Aims:
In our present study we aimed to develop an Artificial Intelligence-based Decision
Support System (AI-DSS) that can be used to analyze the polyp images in differentiation
between neoplastic and non-neoplastic subcentrimetric polyps.
Methods:
We enrolled 755 HD images with Blue Light Imaging (BLI) zoom technology of total 334
histologically identified colorectal polyps. We set up 4 subgroups for training and
testing with deep learning: A: training and testing set data was selected only from
typical polyps, B: training set is made from only typical polyps, and test set is
made from typical and atypical polyps, C: training set is made from only typical polyps,
and test set is made randomly from the whole set (mixed typical and atypical), D:
both train and test set are made of polyps randomly selected from the whole set. Images
for the test sets were selected randomly following these criteria. Images from the
same polyp were not selected to both train and test set.
Results:
The images went through a pre-process algorithm, and then we trained and tested the
neural network. We also assessed which training parameters gave the best test results.

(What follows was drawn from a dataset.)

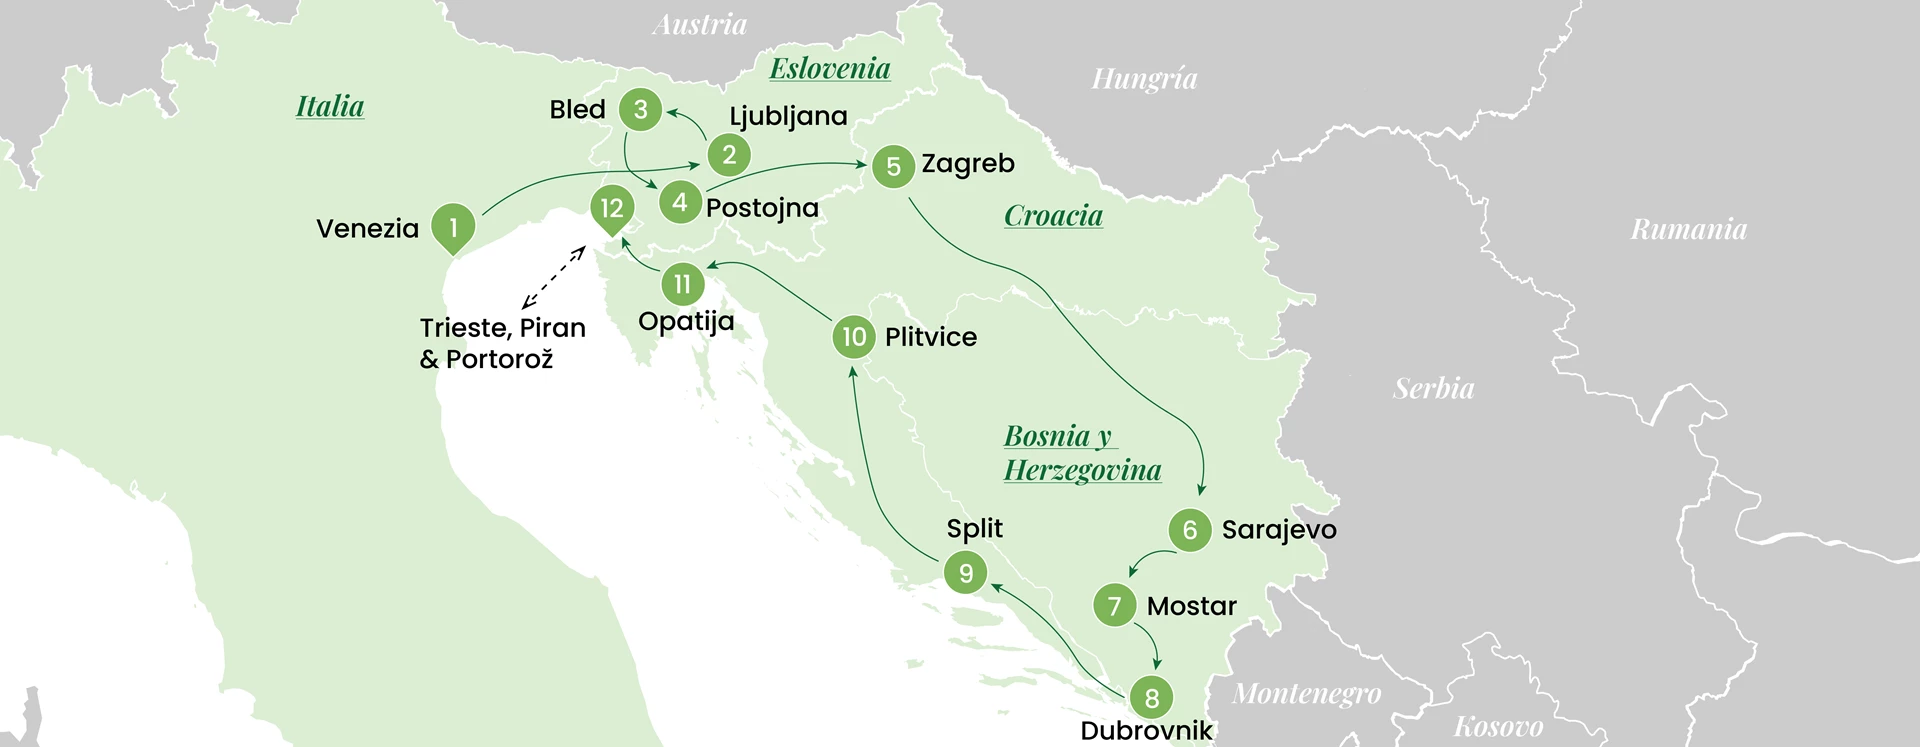 Mapa Eslovenia Croacia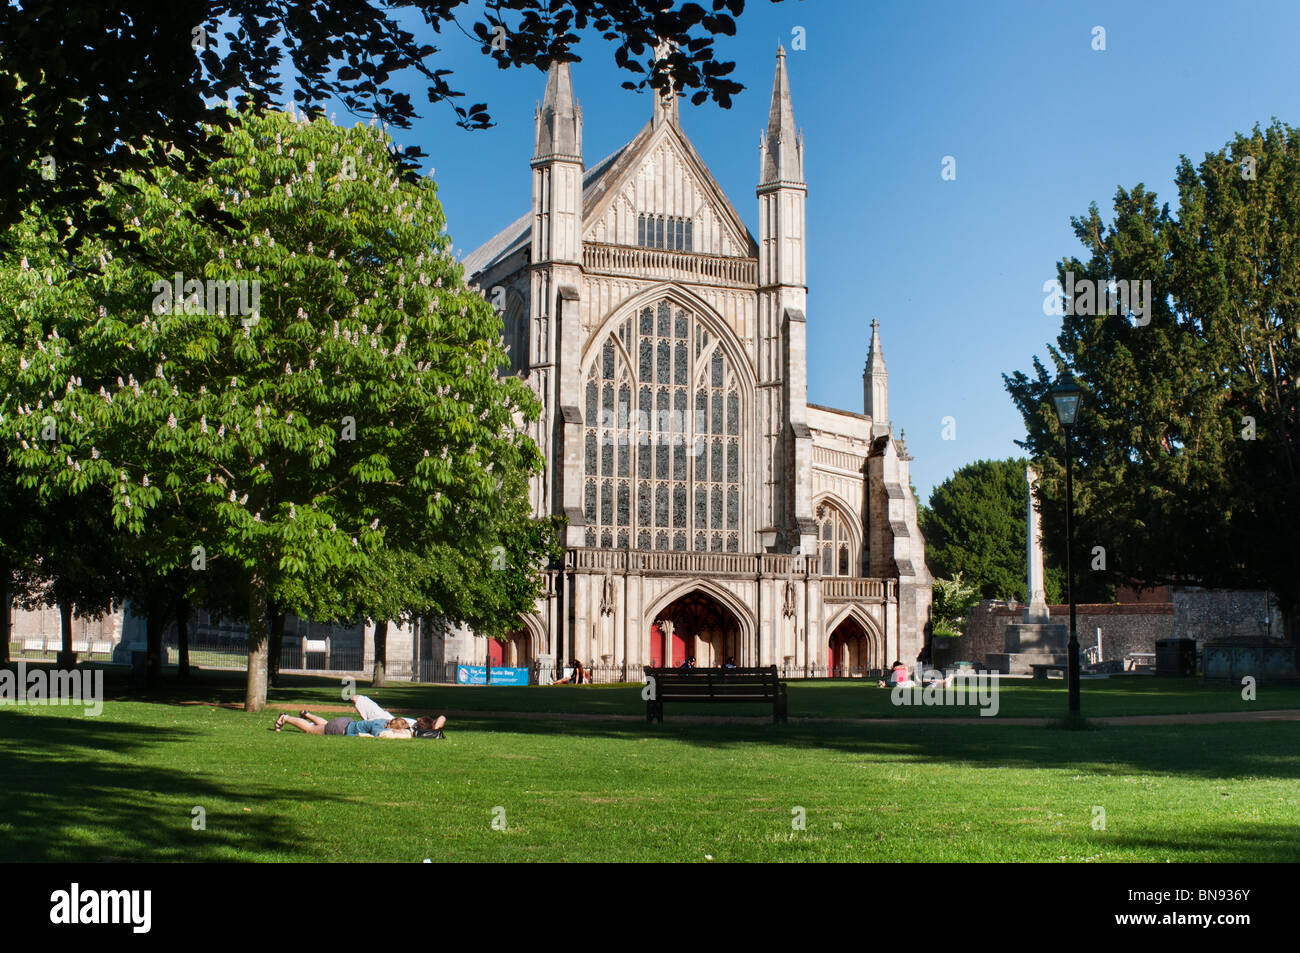 La cathédrale de Winchester au début de l'été avec les marronniers en fleurs Banque D'Images

The test groups had the following accuracy, sensitivity, specificity, PPV and NPV
values to predict adenomatosus polyps as follows: Group A: 95%, 96.7%, 93.3%, 93.5%,
96.6%; Group B: 73.6%, 76.5%, 68.4%, 81.3%, 61.9%; Group C: 89.4%, 91.5%, 87.2%, 87.8%,
91.1%; Group D: 73,1%, 76,9%, 69.2%, 71.4%, 75%, respectively.
Conclusions:
This AI-DSS is able to predict the polyp histology with high accuracy, if the neural
network is trained on typical images. Accuracy of the algorithm could be further increased
with higher number of collected images. Application of Deep Learning Neural Network
with BLI zoom virtual-chromoendoscopy provide a potential for real-time endoscopic
optical diagnosis of hyperplastic polyps to support resect and discard strategy.